What Does the Draft Guideline on the Application for New Health Claim Bring?
On 7 June 2022, the TİTCK published the Draft Guideline on the Application for New Health Claim. The guideline regulates the procedures and principles regarding the new health claim applications to be submitted in accordance with the Draft Regulation on the Use of Health Claims.
Stakeholders can submit their opinions to bdud.saglikbeyani@titck.gov.tr until 24 June 2022.
The guideline is available here (in Turkish). Further information on the Draft Regulation on the Use of Health Claims is available here.
What’s New?
As per the guideline, applications must be submitted for a single relationship between a declared effect and a nutrient, other components, food or food group. The applications must specify the type of health claim and the justification regarding the data that cannot be presented.
Applicants must submit information regarding the food component, food or food group subject to the health claim such as the source, physical and chemical properties, description, nutrient content and the factors that may affect the absorption or use of the ingredient in the human body. Applicants must also submit a summary of the data obtained from appropriate studies that support the declared effect, as well as other summaries and general evaluations set forth in detail in the guideline to the TİTCK.
Applications must include all human and nonhuman studies whether published or supportive of the declared effect, except the resources for consumers or the public and the articles that did not pass peer review. Study results should be presented in the hierarchy according to study type and relative strength of evidence, as shown in the guideline.

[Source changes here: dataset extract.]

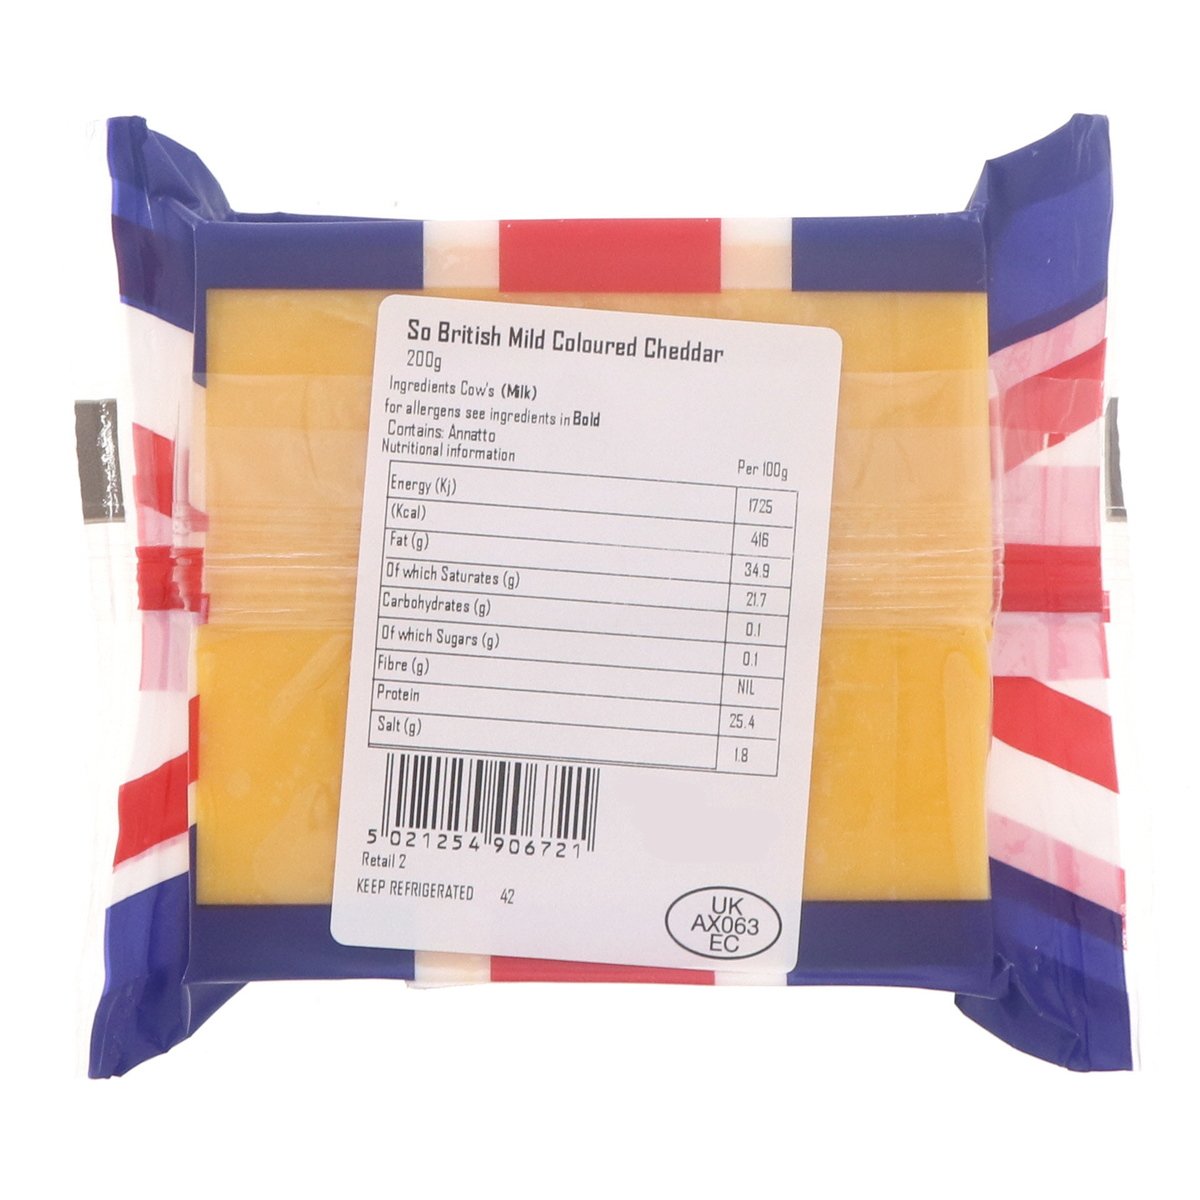 So British Mild Coloured Cheddar Cheese 200 g
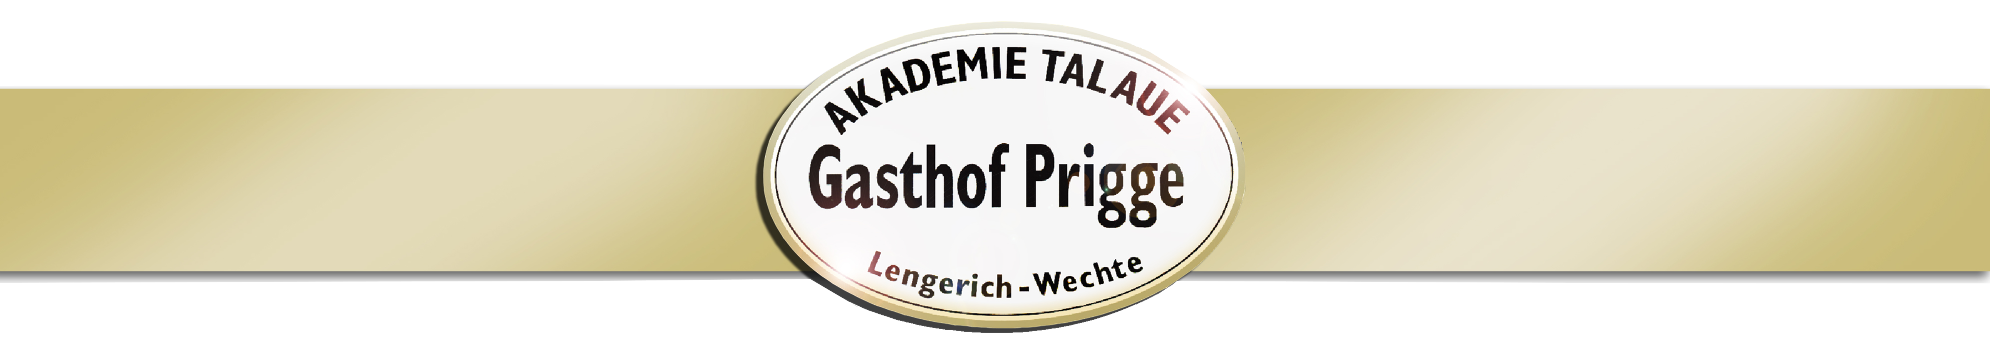 Gasthof-Prigge

In addition to the offer on the expression of the health claim, information such as the target audience of the statement, the amount of nutrient required to fulfill the declared effect, the consumption method and the nutrients to be avoided should also be provided.
What Does the Draft Guideline on Packaging Information and Readability of Foods for Special Medical Purposes Regulate?
New Development
On 7 June 2022, the TİTCK published the Draft Guideline on Packaging Information and Readability of Foods for Special Medical Purposes based on the Draft Regulation on Foods for Special Medical Purposes. The guideline regulates the procedures and principles regarding packaging information and readability in license applications of foods for special medical purposes (ÖTAG).
Stakeholders can submit their opinions to tıbbi.beslenme@titck.gov.tr until 27 June 2022.
The guideline is available here (in Turkish). Further information on the Draft Regulation on Foods for Special Medical Purposes is available here.
What’s New?
As per the guideline, the phrase “Food for Special Medical Purposes” must be clearly displayed on the ÖTAG packaging. The guideline exemplifies and regulates the names that can be given to ÖTAG and the order of the information to be provided, in detail.
ÖTAG components should be presented in decreasing order according to their amounts. The source, structure and composition information of the components, such as protein, fat, carbohydrate and fiber, should be provided on the packaging. The guideline also sets forth in detail the rules and provides examples regarding the energy and nutritional elements table. In this context, energy values should be specified as kilojoules or kilocalories and the ratio of contents such as carbohydrates, fat, protein and fiber to energy should be presented as a percentage.
The guideline regulates and exemplifies in detail the presentation of information such as the intended use of ÖTAG, warning information on special use, preparation instructions, storage conditions, the license holder and serial number.
The guideline sets out the rules regarding print size and type, layout and design of the information as well as the style of expression and the use of symbols on the inner and outer packaging of ÖTAG. Applicants must ensure that the packaging information complies with the guideline prior to applying to the TİTCK.
Conclusion
The TİTCK continues to provide guidance for companies working in the healthcare industry. Companies should carefully review the guidelines and take the necessary actions to ensure compliance.